Note: If you’re curious about code to automate this visual inspection of variable importance, look at Digging Deeper Exercise 2.

Exercise 4: Tuning $\lambda$

In order to pick which $\lambda$ (hence LASSO model) is “best”, we can plot CV error estimates for the different models:

# Plot a summary of the performance of the different models
plot(lasso_mod)

Inspect the shape of the plot. The errors go down at the very beginning then start going back up. Based on this, what are the consequences of picking a $\lambda$ that is too small or too large? (This is an example of a very important idea that we’ll see shortly: the bias-variance tradeoff.)
Based on visual inspection, roughly what value of $\lambda$ results in the best model? (Remind yourself of the interpretation of “best” as defined by our selectionFunction of "oneSE".)

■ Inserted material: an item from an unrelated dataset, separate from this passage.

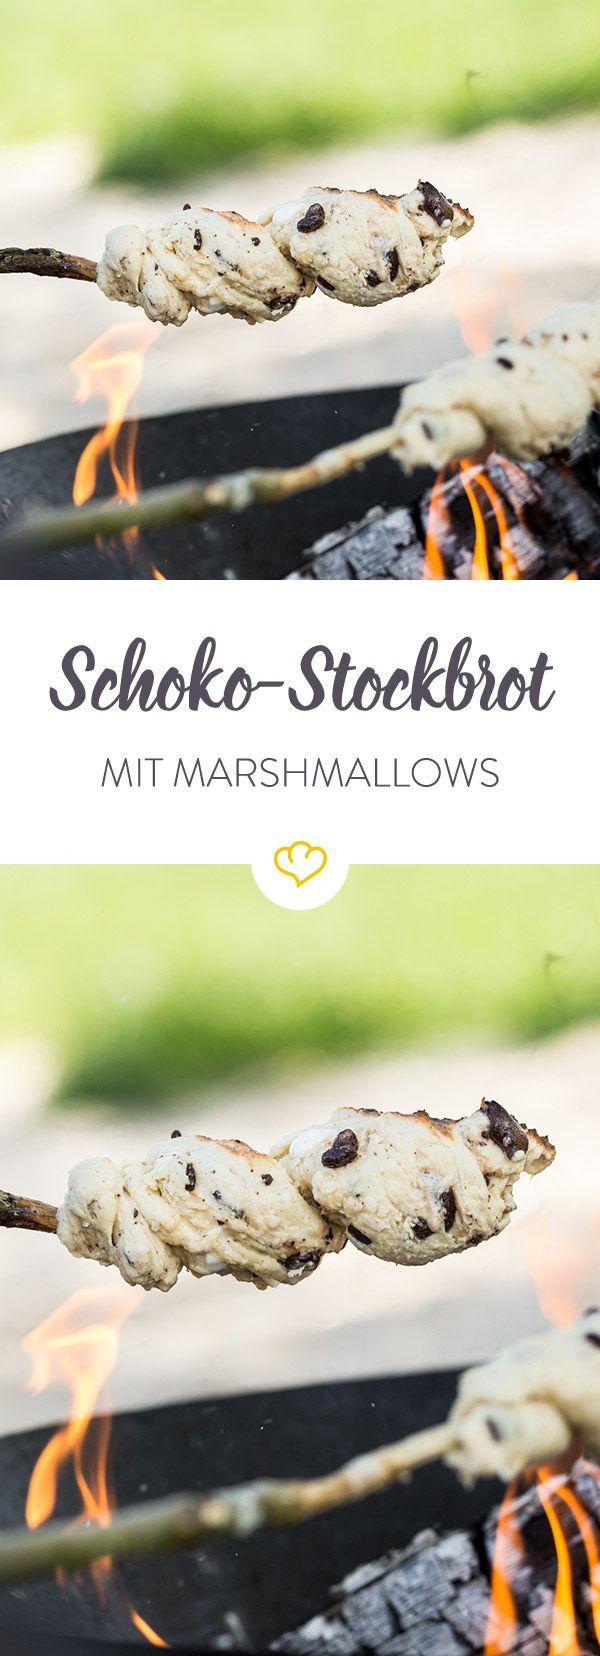 Grill-Dessert: Stockbrot mit Marshmallows und Schokolade #grilleddesserts

Identify the “best” $\lambda$ .

# Identify which tuning parameter (lambda) is "best"
lasso_mod$bestTune

Note: If you’re curious about making plots that show both test error estimates and their uncertainty, look at Digging Deeper Exercise 1.

Exercise 5: Examining and evaluating the best LASSO model

Take a look at the predictors and coefficients for the “best” LASSO model. Are the predictors that remain in the model sensible? Do the coefficient signs make sense?

# Obtain the predictors and coefficients of the "best" model
# The .'s indicate that the coefficient is 0
coef(lasso_mod$finalModel, lasso_mod$bestTune$lambda)

# Obtain the predictors and coefficients of LASSO model w/ different lambda
# In case it's of interest to look at a slightly different model
# e.g., lambda = 1 (roughly)
coef(lasso_mod$finalModel, 1)

Evaluate the best LASSO model:
- Contextually interpret (with units) the CV error for the model by inspecting lasso_mod$resample or lasso_mod$results.
- Make residual plots for the model by creating a dataset called lasso_mod_out which contains the original data as well as predicted values and residuals (fitted and resid).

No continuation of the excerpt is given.